Baughn did not admit or claim he was negligent. It was error to advise the jury that he did, even though the judge found as a matter of law that Baughn was negligent.

[3] In instructions 7 and 10, the judge instructed the jury that Baughn was negligent as a matter of law and that his negligence was a proximate cause of his injuries. A finding of contributory negligence or proximate cause as a matter of law should be made only in the clearest of cases and when reasonable minds could not have differed in their interpretation of a factual pattern. Browning v. Ward, 70 Wash. 2d 45, 48-49, 422 P.2d 12 (1966); Bordynoski v. Bergner, 97 Wash. 2d 335, 340, 644 P.2d 1173 (1982). Whether Baughn's negligence was a proximate cause of his injuries was a factual question to be resolved by the jury. Reasonable minds could readily differ on the issue of whether Baughn's supplying of beer to Malone was a proximate cause of his injury. There was evidence that Malone purchased beer for himself and Hamilton purchased beer for both Baughn and Malone.

Another complication in respect to proximate cause arises from evidence that the three young men were drinking whiskey earlier in the evening before going to the tavern.
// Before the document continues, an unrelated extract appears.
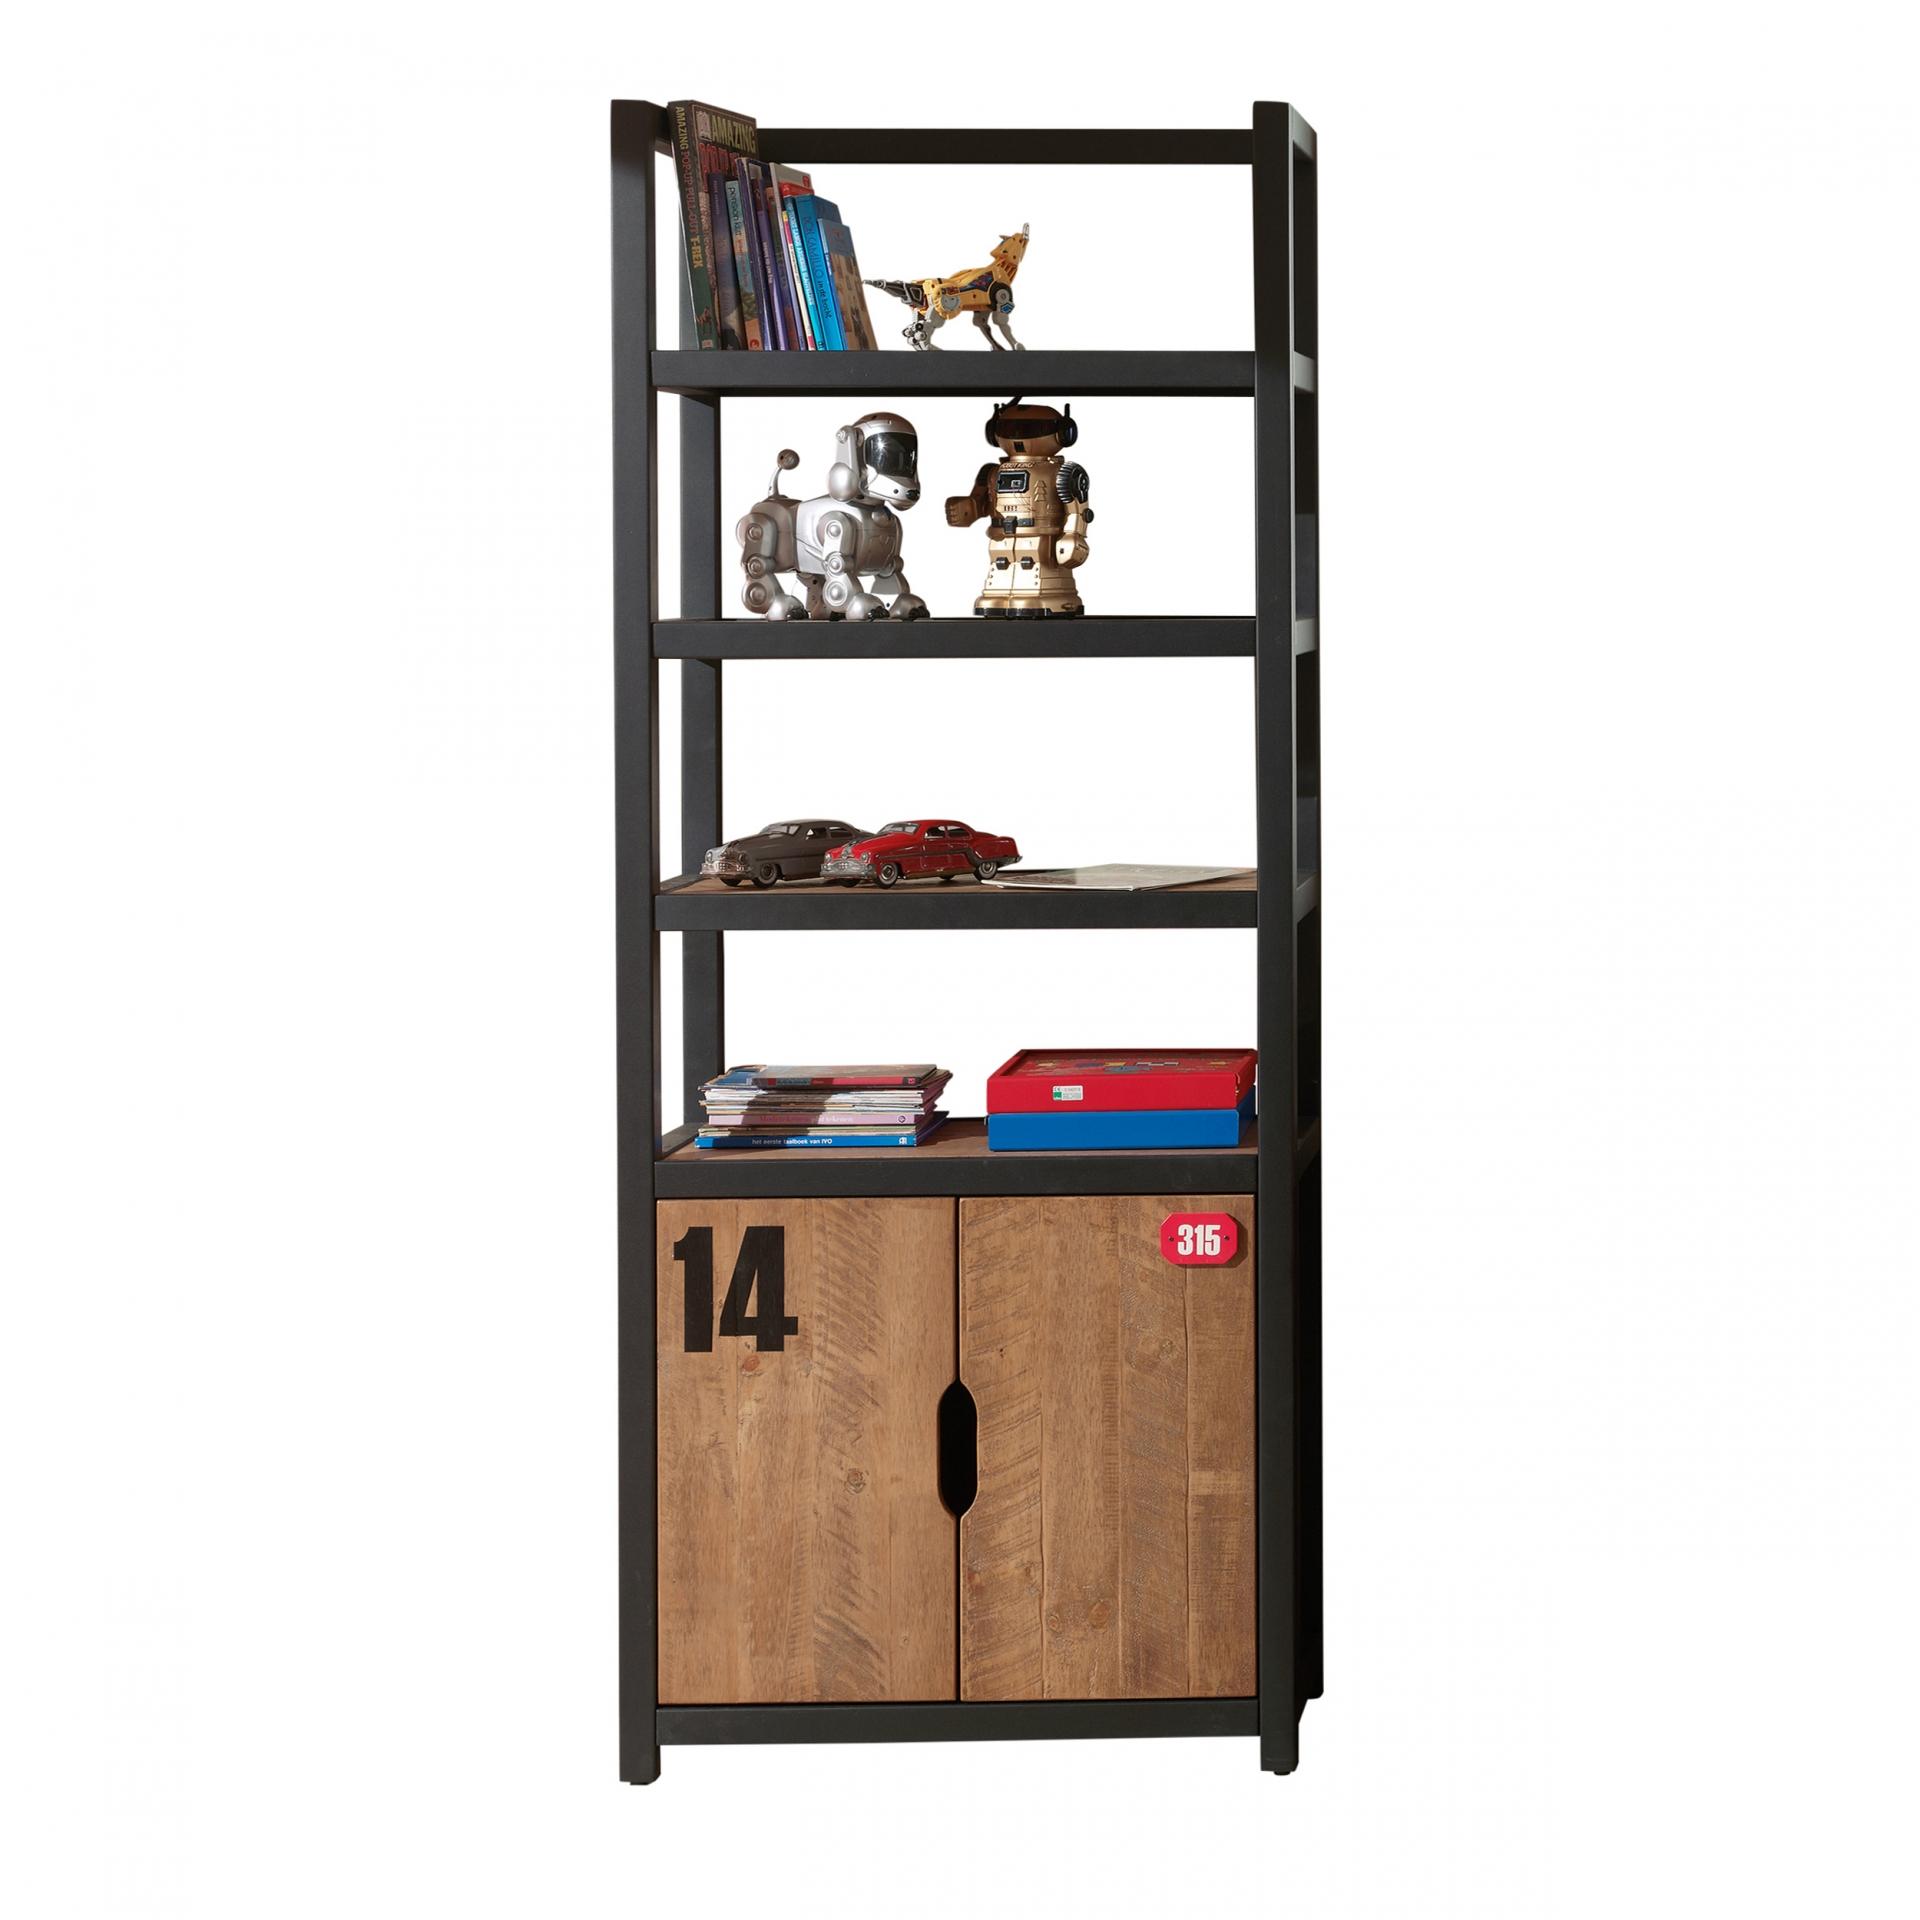 Vipack Alex complete kinderkamer 3 delige - Kinderkamers - Online ...

Liquor supplied to a minor in a social context is not actionable. Halvorson v. Birchfield Boiler, Inc., 76 Wash. 2d 759, 458 P.2d 897 (1969); Hulse v. Driver, 11 Wash. App. 509, 524 P.2d 255 (1974). It was error for the judge to instruct as a matter of law that Baughn's negligence was a proximate cause of his injuries.

Baughn's assignments of error relative to assertions that the trial judge commented on the evidence in violation of article 4, section 16, Washington Constitution, are without merit except for the comments in the instructions which we have discussed above.

Based on our review of the trial judge's instructions 7, 10 *599 and 12, we hold that the plaintiff's motion for a mistrial should have been granted.

The jury awarded Baughn a judgment against Malone in the gross amount of $262,000. It found Baughn's contributory negligence was the proximate cause of 65 percent of these damages. Therefore, Baughn was awarded a net judgment against Malone of $91,700. Malone does not appeal that judgment, nor does any party contest the gross amount of damages found by the jury in the first trial.

Accordingly, the gross amount of Baughn's damages in this case is fixed at $262,000. The case is remanded for retrial on the issue of the liability of the defendants Hemmings, Haller, and Harper, and their respective marital communities, and on the issue of whether the negligence of Baughn was a proximate cause of his injuries.

CALLOW and RINGOLD, JJ., concur.

Reconsideration denied February 4, 1983.